A Year in Books/Day 66: Marcel Proust

  • Title: Marcel Proust A Life
  • Author: Jean-Yves Tadie (Translation by Euan Cameron)
  • Year Published: 1996/Translation Copyright: 2000 (Penguin Books)
  • Year Purchased: 2005
  • Source: Barnes & Noble clearance rack
  • About: This is one of the most complex, obsessively detailed and clear-eyed biographies I have ever read. Don’t let the hefty 779 pages deter you; it’s a smooth read and well worth your time.
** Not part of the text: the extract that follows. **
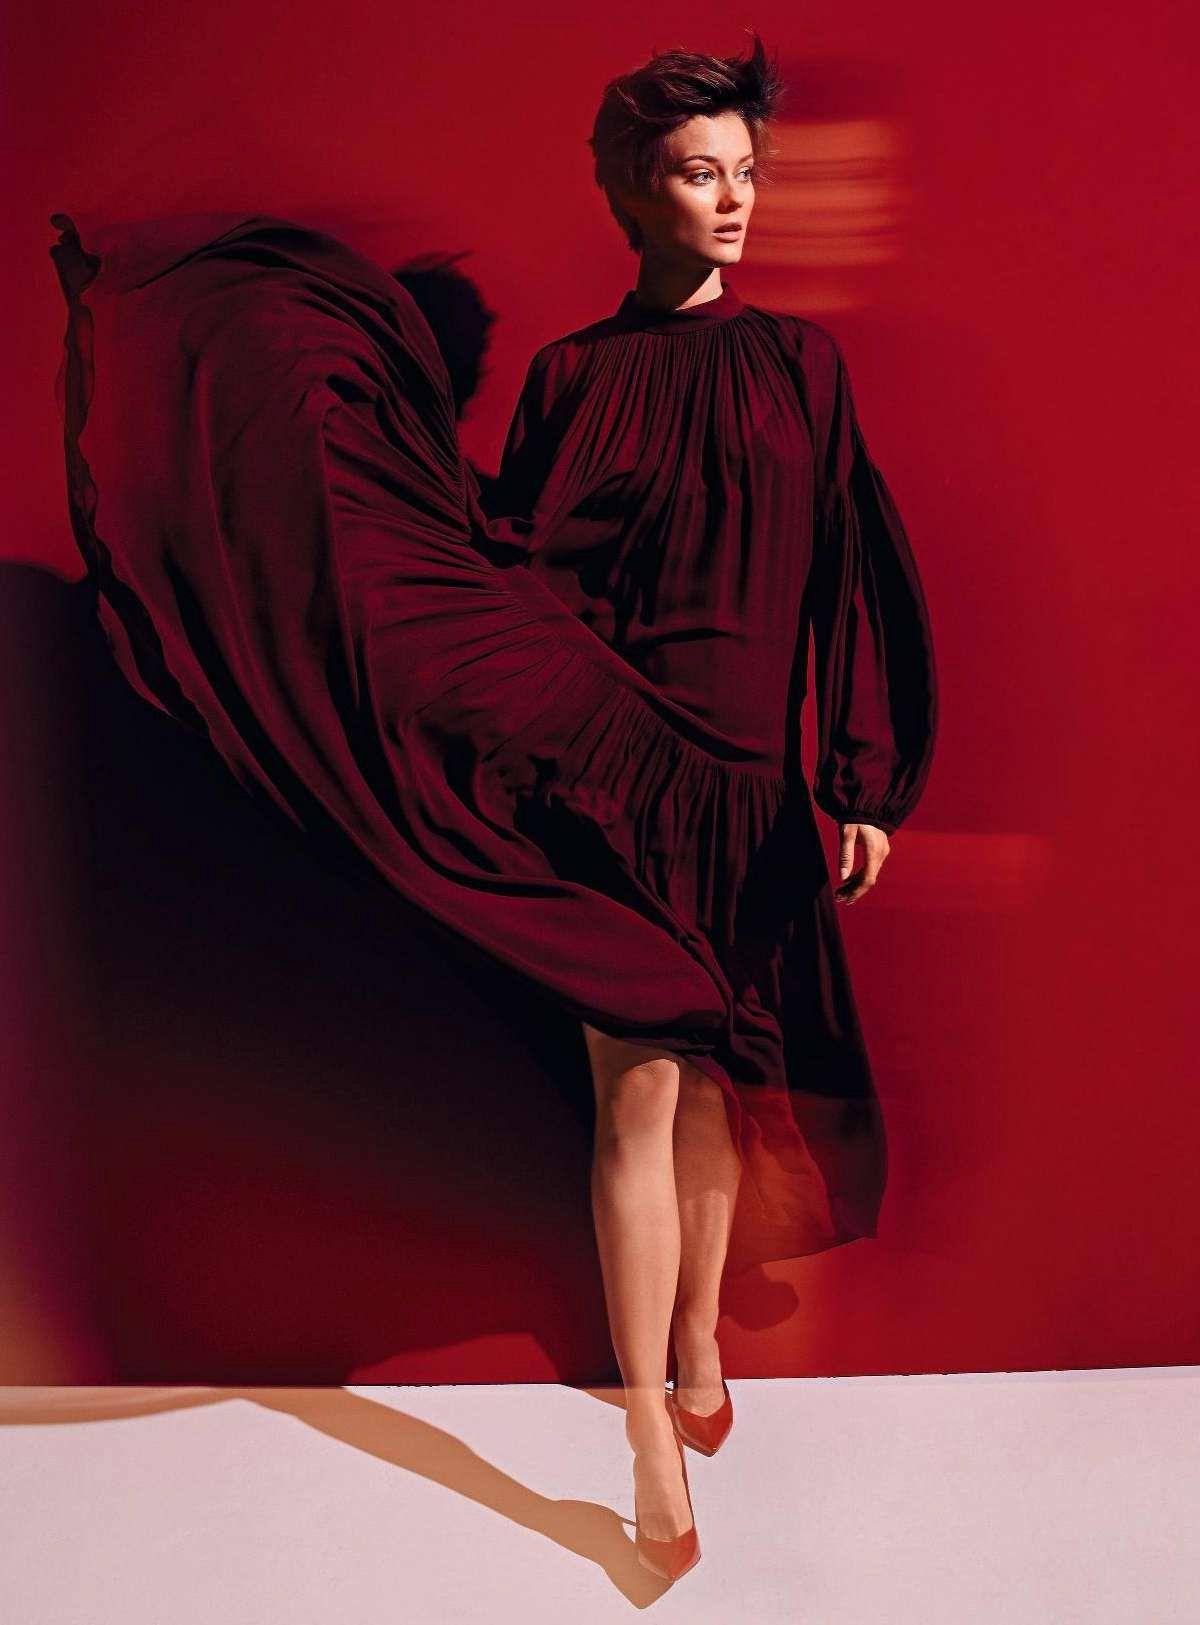 Style on Fire Monika Jagaciak by Regan Cameron for

  • Motivation: Proust fascinates me like few others. I first came across his name as a teenager, when I discovered that I share a birthday with the great writer. That was all it took for me to decide to find out more about the Frenchman (yes, I’m that kind of self-absorbed). Fortunately, I never looked back; my life is infinitely richer for that decision. He is one of my favourite authors. I ended up reading this biography in 2006 whilst on a cruise. This is definitely my idea of vacation reading!
  • Times Read: 1
  • Random Excerpt/Page 577: “This explains why, shortly after 24 December, Proust asked Louis de Robert if he would take his book to Ollendorff, pointing out that he would offer to have it published at his own expense; the choice of this publisher, whose list consisted mainly of books on nature study, was scarcely a fortunate one; his response was to become famous.”